Sozinho no fogão.--O que eu teria pensado se tivesse menos de trinta anos?

Fiquei sozinho junto ao fogão, observando as brasas queimarem.

Brilhavam carbonizados e, quando eram mais belos, o vento os reduzia a cinzas, assim como as decepções desvanecem nossas ilusões mais agradáveis.

Meus pensamentos flutuavam entre dois mundos.

Já eram práticos, ora quiméricos, ora me pareciam fáceis de fazer, ora impossíveis de fazer; Eu me senti grande e forte; pequeno e fraco; Cochilei e acordei; Eu queria sair de lá e não saí.

--Por quê?

Porque o homem não é senhor de si mesmo, exceto quando tem ideias fixas ou determinadas.

Uma voz doce me tirou daquela indecisão, murmurando em meu ouvido:

--Boa noite. Virei-me e, no brilho pálido das últimas brasas, reconheci uma mulher.

Era minha amiga Carmem.

"Comadre, você está aqui a esta hora?" Eu disse.

“Compadre, ouvi dizer que você vai embora amanhã”, respondeu ele.

Eu a fiz sentar.

Seu rosto tinha uma expressão terna; Seu peito arfava violentamente, balançando levemente as dobras da camisa, que estava mais apertada no pescoço do que o normal, e seu olhar traía uma preocupação mal disfarçada.

"Você tem alguma coisa, comadre?" Eu disse.

– Não, compadre – respondeu-me ele – olhando para o fogão apagado e reprimindo um suspiro.

Se não me encontrasse naquele período da vida em que o poeta exclamou:

«Os meus dias estão na folha amarela; "As flores e os frutos do amor desapareceram."

Quem sabe o que ele teria pensado!

O vento havia se acalmado, o céu estava coberto de nuvens, as estrelas brilhavam timidamente, como luzes distantes através de cortinas opacas, o fogão era cinza quente, eu e meu visitante parecíamos duas sombras envoltas em crepe sutil.

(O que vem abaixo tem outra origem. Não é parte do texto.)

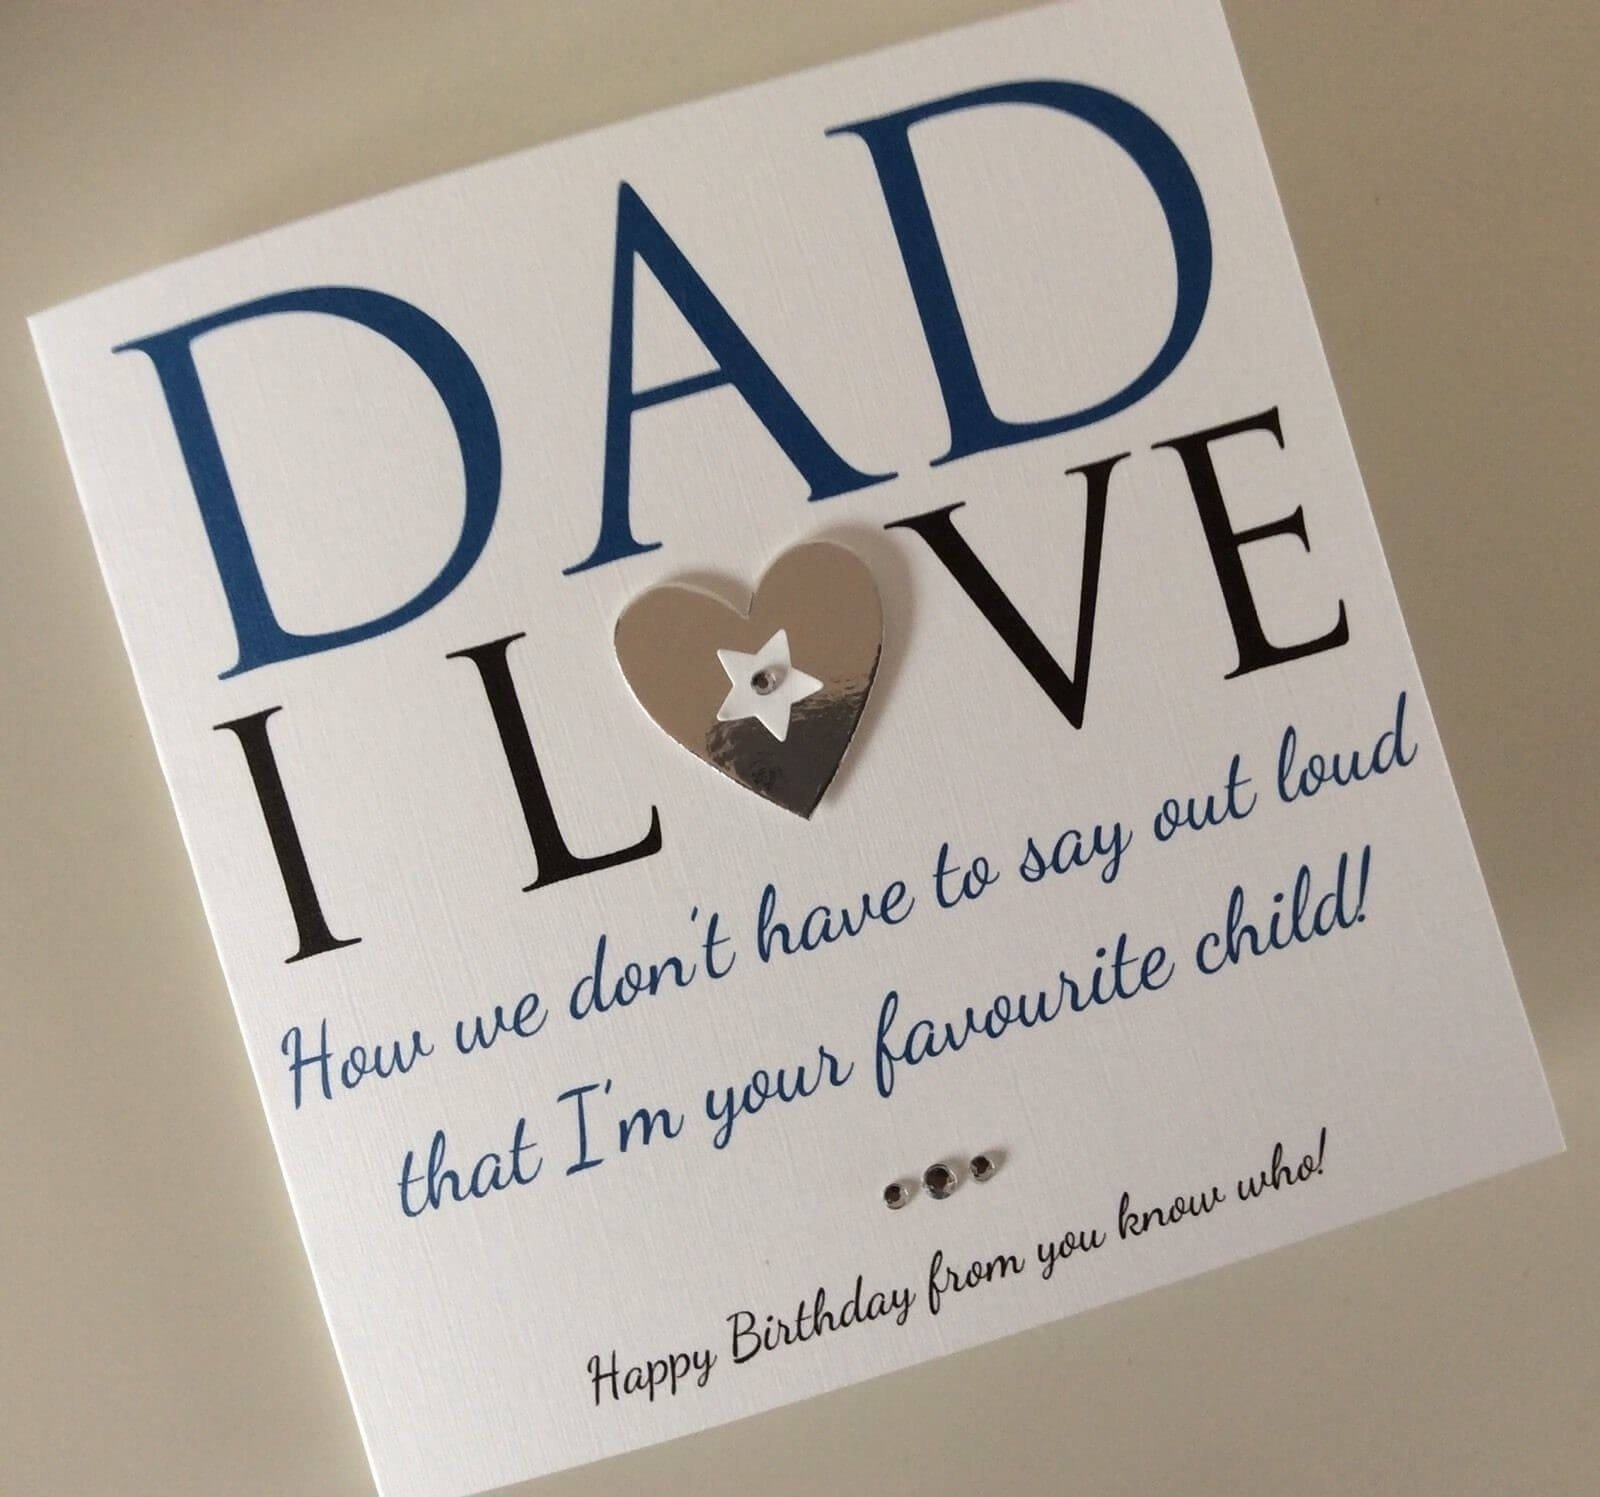 10 Trendy Cool Ideas For Birthday Cards good birthday card ideas for dad mavraievie 1 2021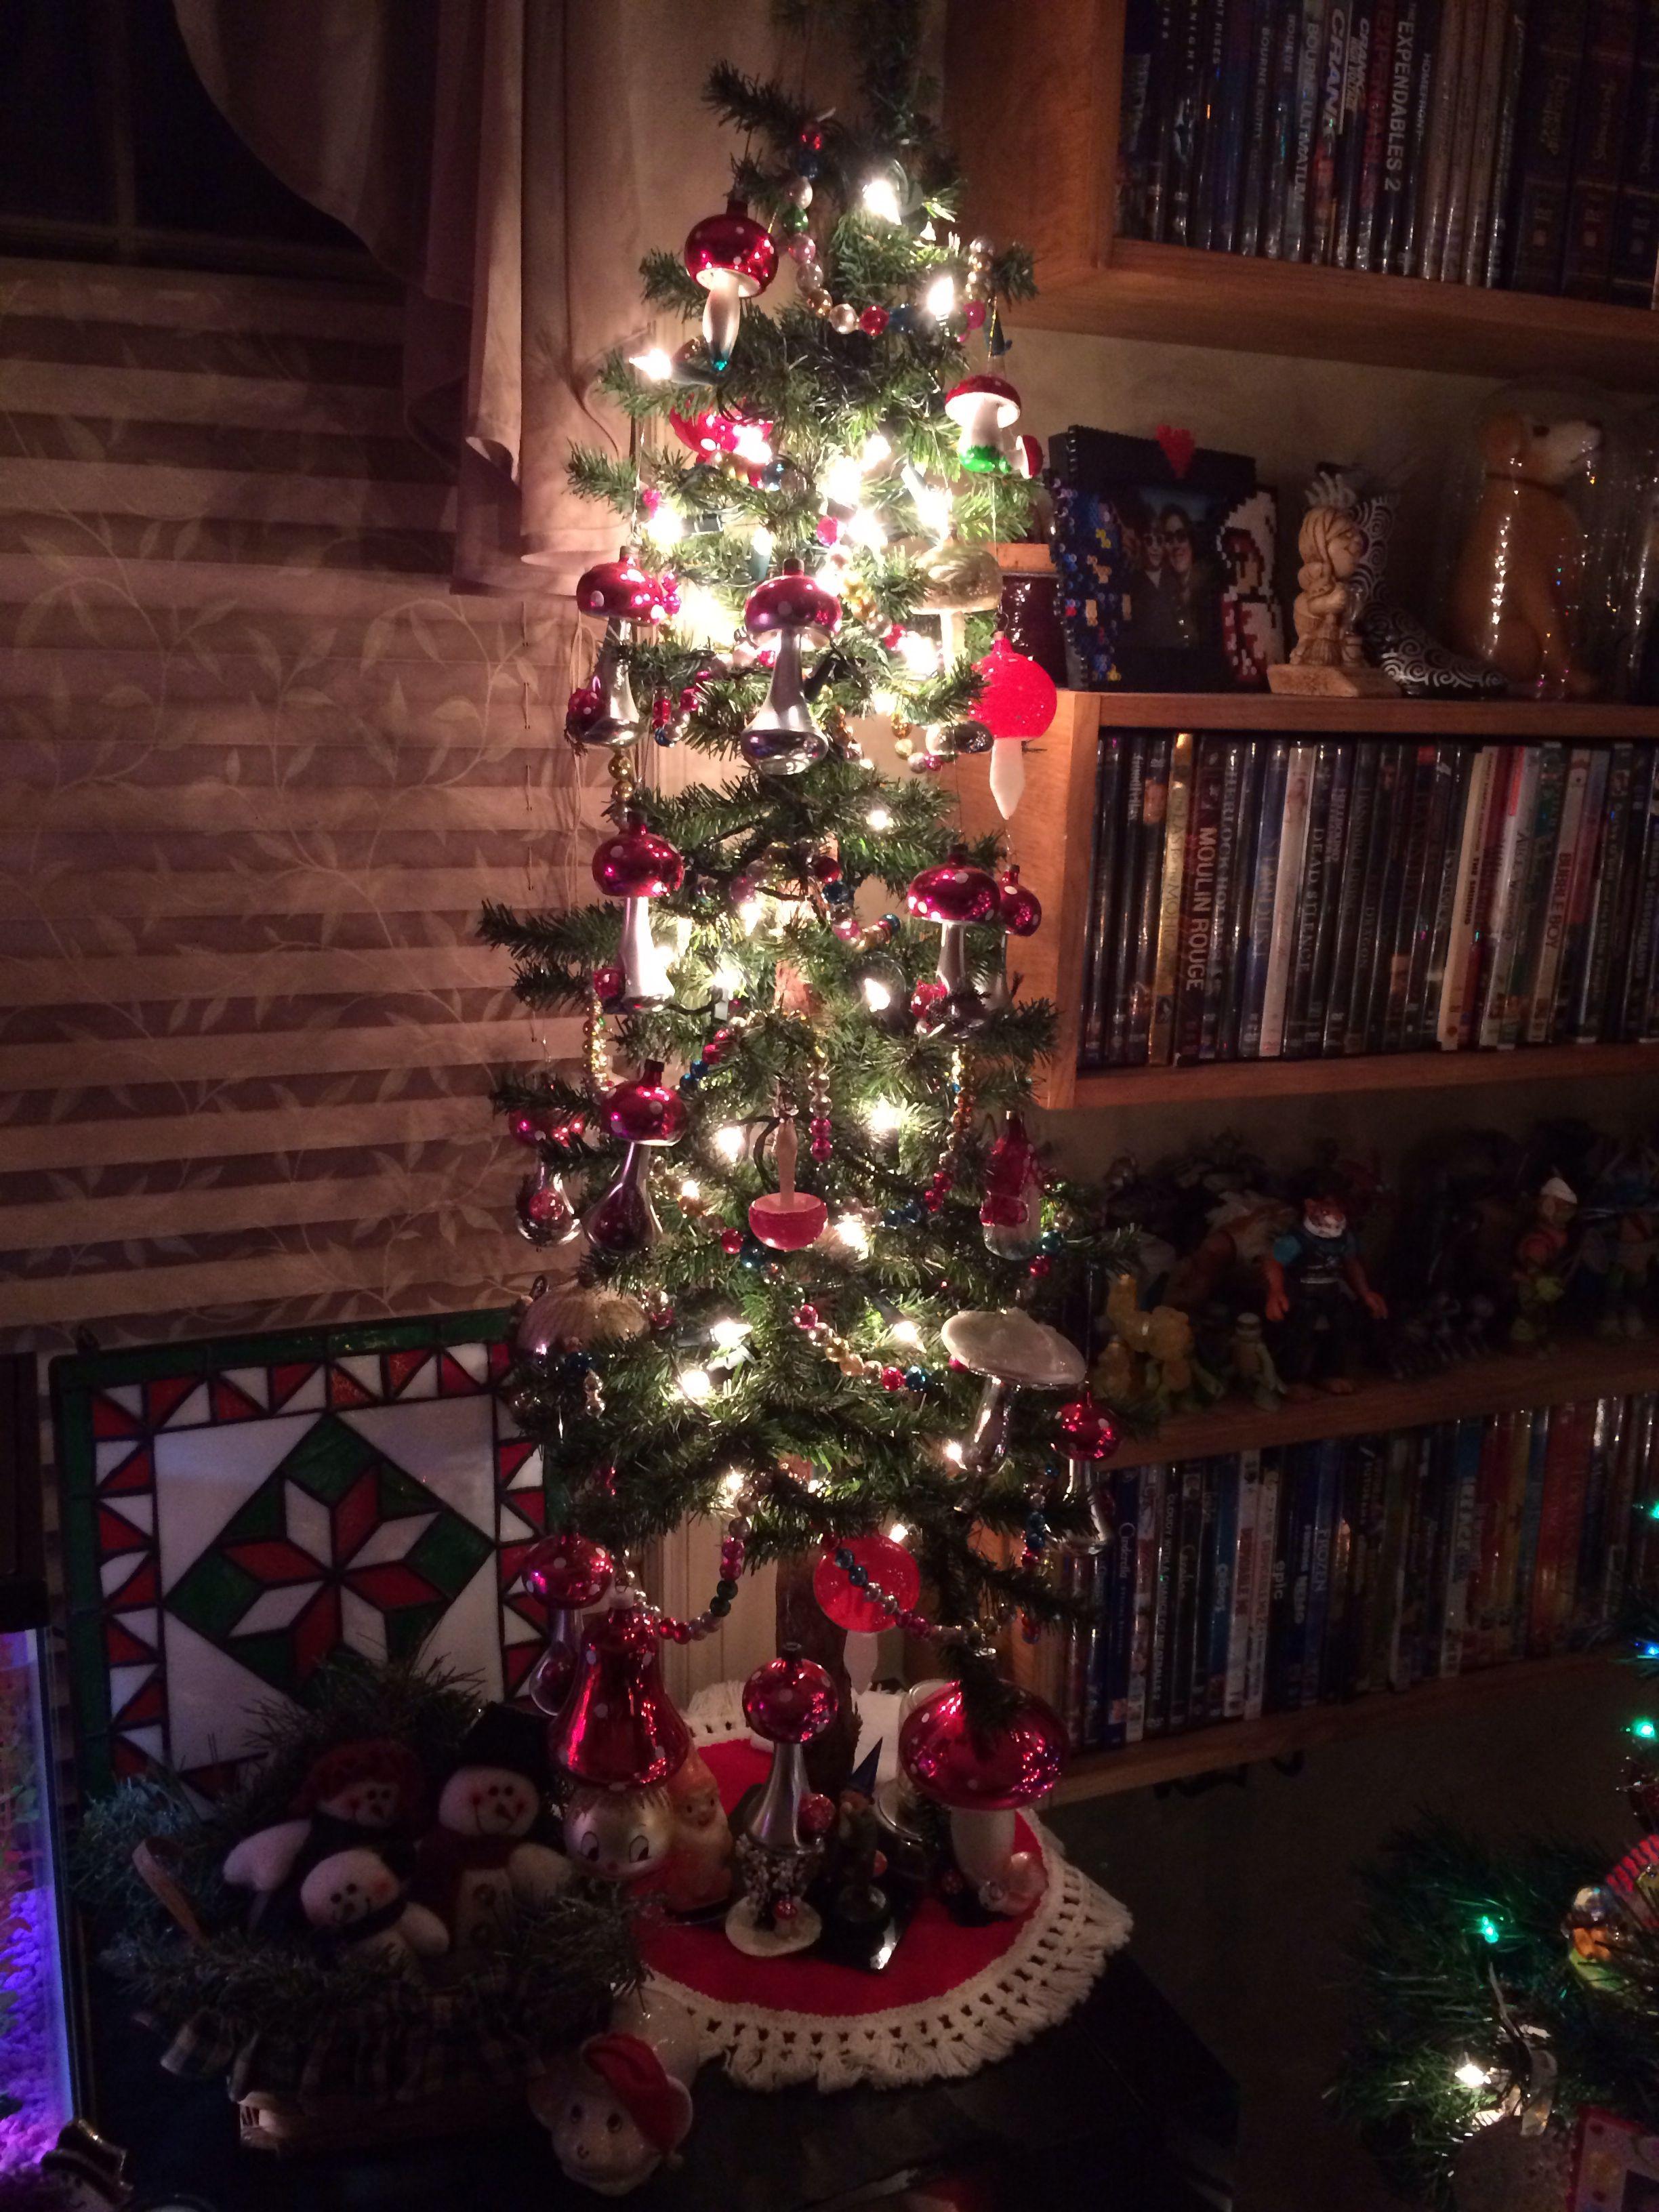 Our Vintage Toadstool Christmas Tree (One of My Pride & Joys)

O silêncio da noite, mal interrompido pela respiração rítmica de quem dormia por perto; a solidão poética do lugar; Os pensamentos, que como visões de uma época mais bela, atravessavam minha imaginação como rajadas de fogo, dando momentaneamente à pintura um tom romântico.

Acordei Calixto, ele se levantou, mandei acender o fogo e fazer mate.

Retirou as cinzas, descobriu algumas brasas, soprou, fazendo com as mãos uma espécie de fole, e um momento depois o fogão ardeu.

Por um tempo, minha comadre e eu ficamos em silêncio, ouvindo a água fervendo e a madeira rangendo.

O fogo exerce uma influência magnética e irresistível sobre os sentidos, e observei que no calor das chamas resplandecentes o coração se dilata, que as ideias germinam agradavelmente e a alma se eleva ao cume do grande e do belo, em asas de rajadas generosas e sublimes.

É por isso que o crime é filho das trevas e prospera nas trevas.

Calixto me passou uma companheira; Peguei, e entregando para meu compadre, disse:

-Por que ela permaneceu tão silenciosa?

Ele suspirou por qualquer resposta.

Vê-se que as mulheres são iguais em todas as constelações, as mesmas nas montanhas, onde as neves reinam eternamente, como nas selvas românticas onde o tímido urutau canta tristes cantos fúnebres; o mesmo nas margens do majestoso Rio da Prata, como nas vastas planícies do Pampa argentino.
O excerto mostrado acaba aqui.